Where Elenko would fain have adored she found herself tolerating, excusing,
condescending. How many Elenkos are even now tenderly nursing ancient
creeds, whose main virtue is the virtue of their professors!

One autumn night all the principal gods were assembled under Prometheus's
roof, doing justice to the figs and mulberries, and wine cooled with
Taygetan snow. The guests were more than usually despondent. Prometheus was
moody and abstracted, his breast seemed labouring with thought. "So looked
my Pythoness," whispered Apollo to his neighbour, "when about to deliver an
oracle."

And the oracle came--in lyric verse, not to infringe any patent of
Apollo's--

When o'er the towers of Constantine
An Orient Moon begins to shine,
Waning nor waxing aught, and bright
In daytide as in deep of night:
Then, though the fane be brought
To wreck, the God shall find,
Enthroned in human thought,
A temple in the mind.

"And what becomes of us while this prodigious moonshine is concocting?"
demanded Zeus, who had become the most sceptical of any of the gods.

"Go to Elysium," suggested Prometheus.

"There's an idea!" cried Zeus and Pallas together.

"To Elysium! to Elysium!" exclaimed the other gods, and all rose
tumultuously, saving two.

"I go not," said Eros, "for where Love is, there is Elysium. And yonder
rising moon tells me that my hour is come." And he flitted forth.

"Neither go I," said an old blind god, "for where Plutus is, Elysium is
not. Moreover, mankind would follow after me. But I too must away. Strange
that I should have abode so long under the roof of a pair of perfect
virtue." And he tottered out.

But the other gods swept forth into the moonlight, and were seen no more.
And Prometheus picked up the forsaken sandals of Hermes, and bound them on
his own feet, and grasped Elenko, and they rose up by a dizzy flight to
empty heaven. All was silent in those immense courts, vacant of everything
save here and there some rusty thunderbolt or mouldering crumb of ambrosia.
Above, around, below, beyond sight, beyond thought, stretched the still
deeps of aether, blazing with innumerable worlds. Eye could rove nowhither
without beholding a star, nor could star be beheld from which the Gods'
hall, with all its vastness, would not have been utterly invisible. Elenko
leaned over the battlements, and watched the racing meteors. Prometheus
stood by her, and pointed out in the immeasurable distance the little speck
of shining dust from which they had flown.

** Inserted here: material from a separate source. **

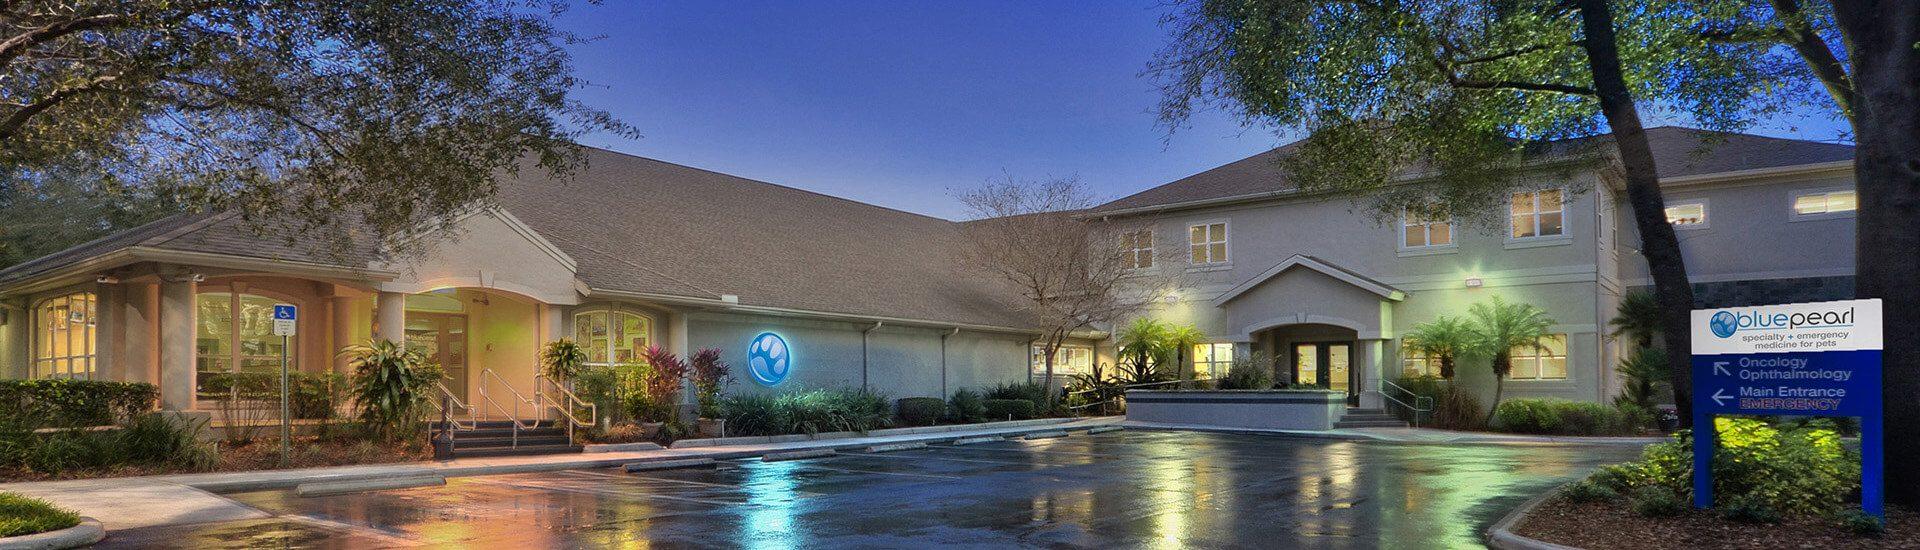 BluePearl Pet Hospital   Tampa, FL   24/7 Emergency Vet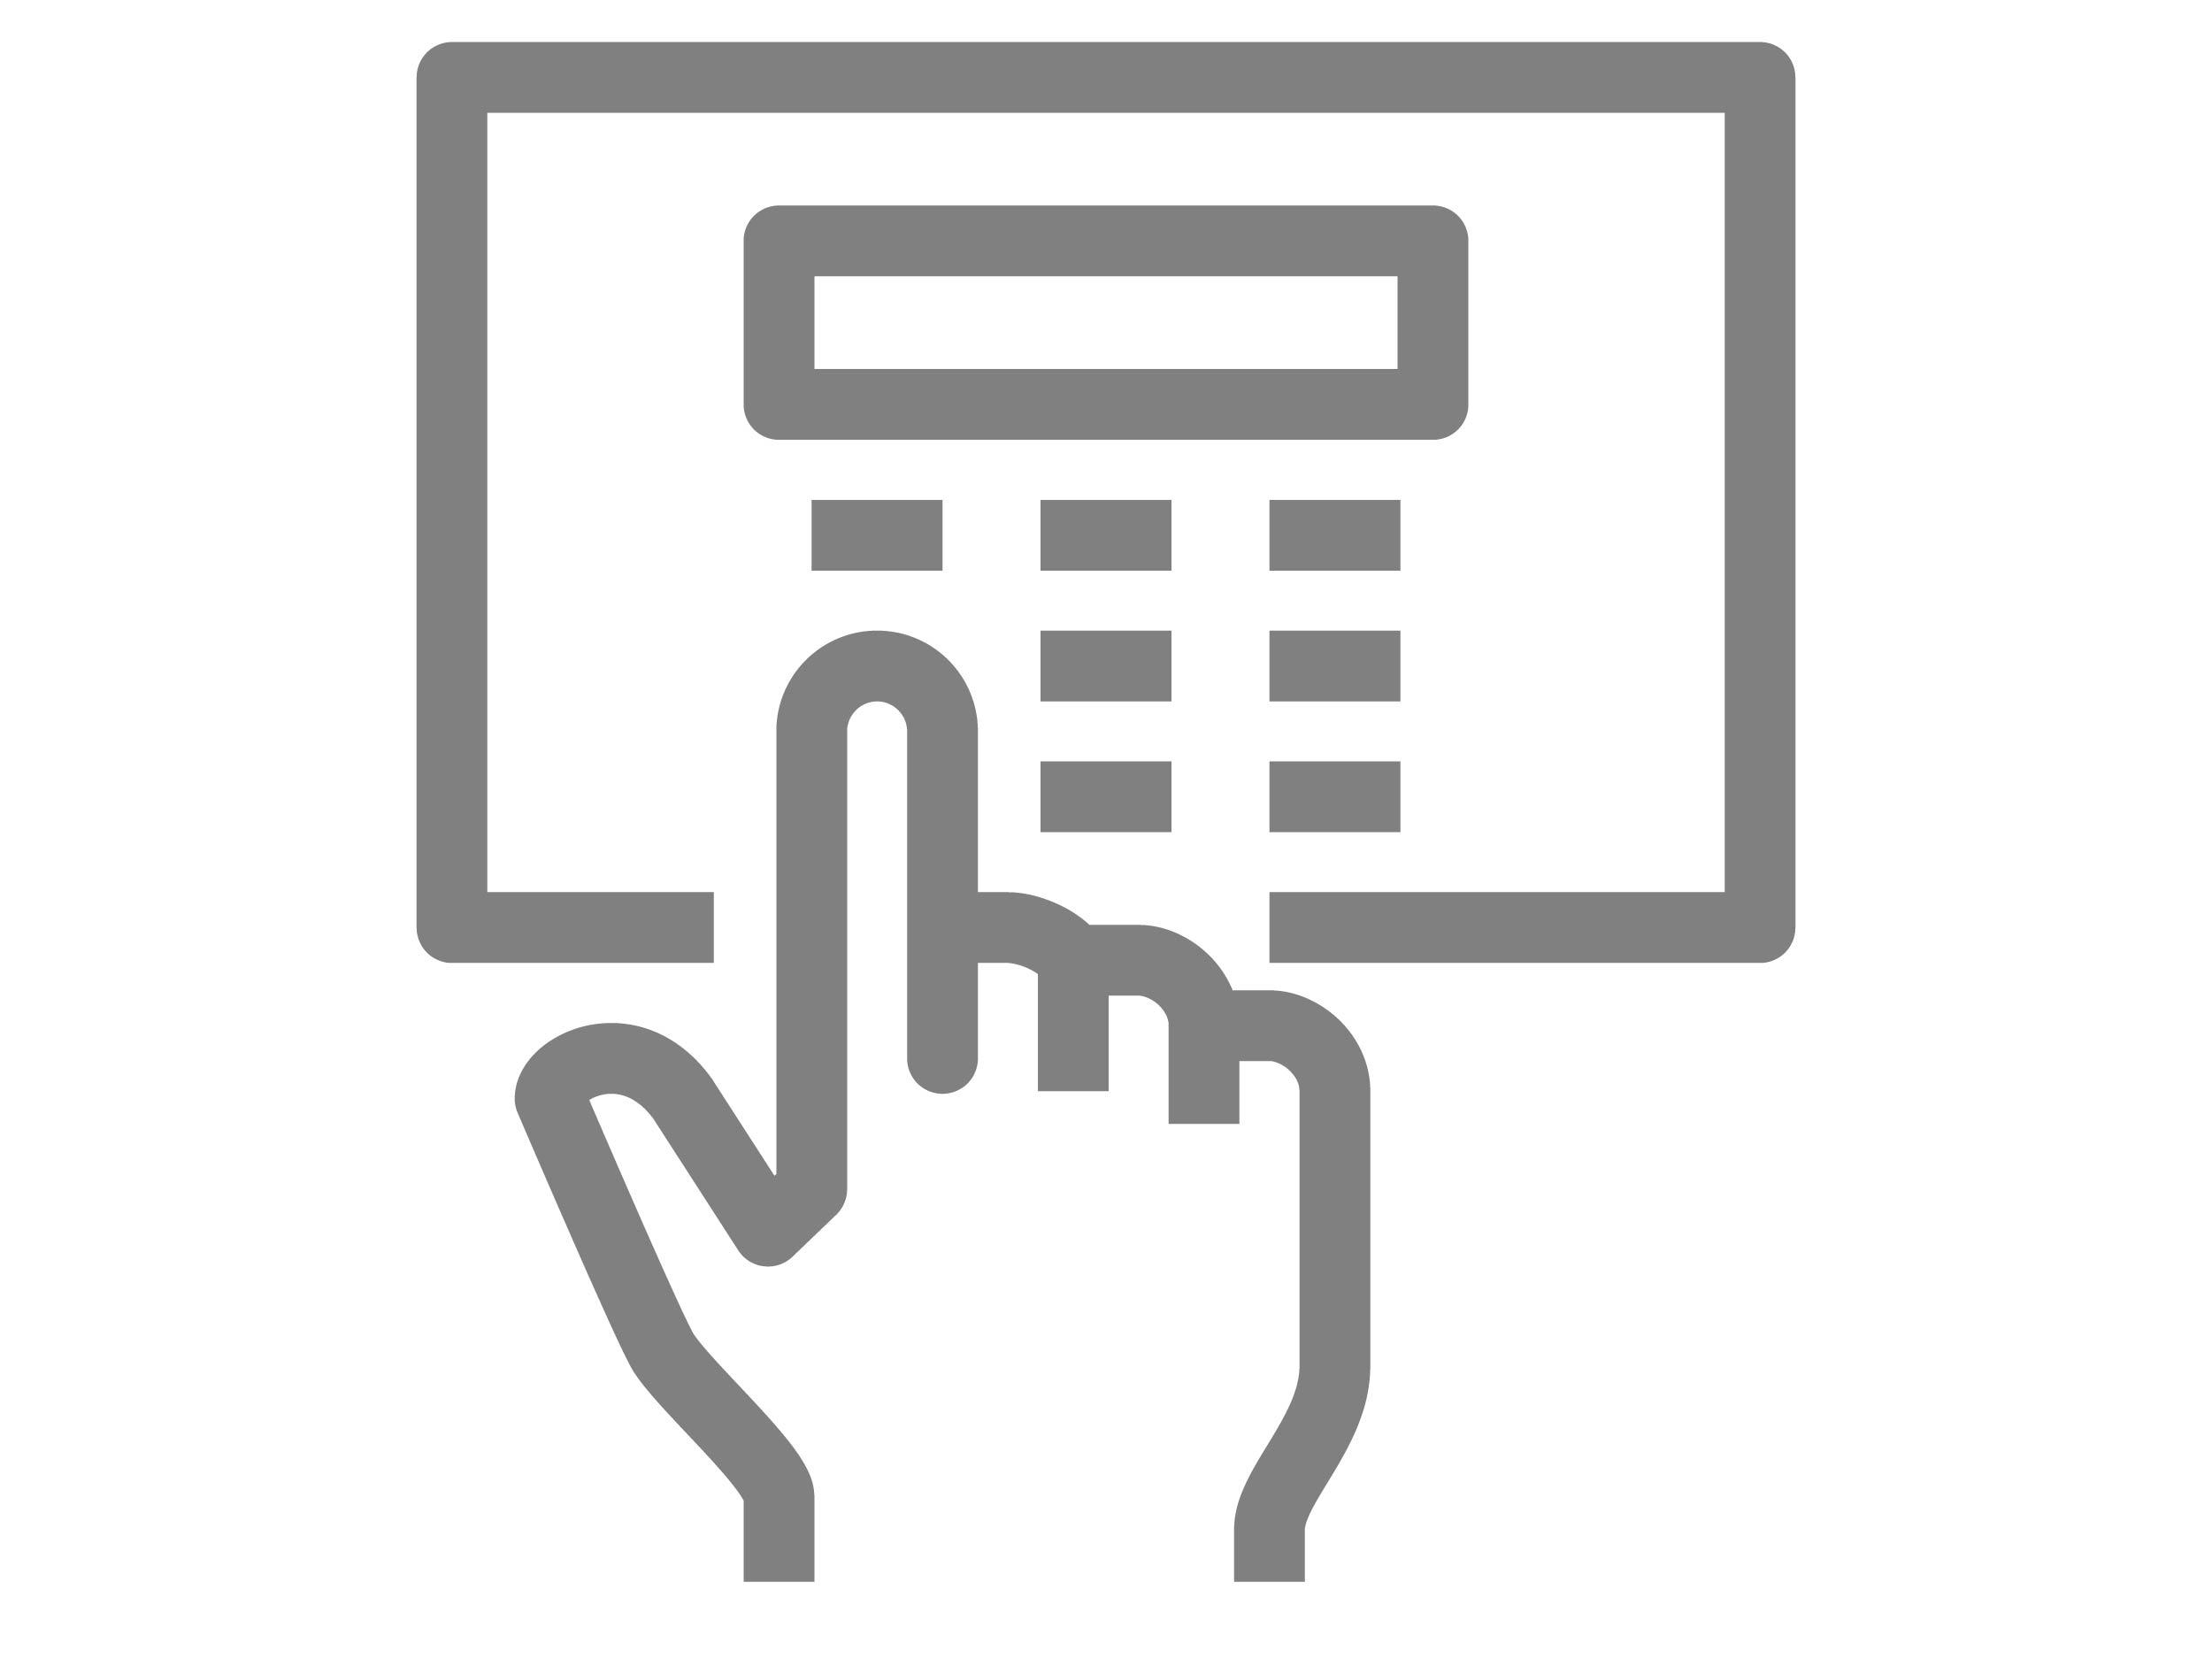 streamline_data_icon.jpg

"There? or here?" he asked.

"There!" said Elenko.




THE POTION OF LAO-TSZE


And there the body lay, age after age,
Mute, breathing, beating, warm, and undecaying,
Like one asleep in a green hermitage,
With gentle sleep about its eyelids playing,
And living in its dreams beyond the rage
Of death or life; while they were still arraying
In liveries ever new the rapid, blind,
And fleeting generations of mankind.

In the days of the Tang dynasty China was long happy under the sceptre of a
good Emperor, named Sin-Woo. He had overcome the enemies of the land,
confirmed the friendship of its allies, augmented the wealth of the rich,
and mitigated the wretchedness of the poor. But most especially was he
admired and beloved for his persecution of the impious sect of Lao-tsze,
which he had well-nigh exterminated.

It was but natural that such an Emperor should congratulate himself upon
his goodness and worth; yet, as no human bliss is perfect, sorrow could not
fail to enter his mind.

"It is grievous to reflect," said he to his courtiers, "that if, as ye all
affirm, there hath not been any Emperor of equal merit with myself before
my time, neither will any such arise after me, my subjects must inevitably
be sufferers by my death."

To which the courtiers unanimously responded, "O Emperor, live for ever!"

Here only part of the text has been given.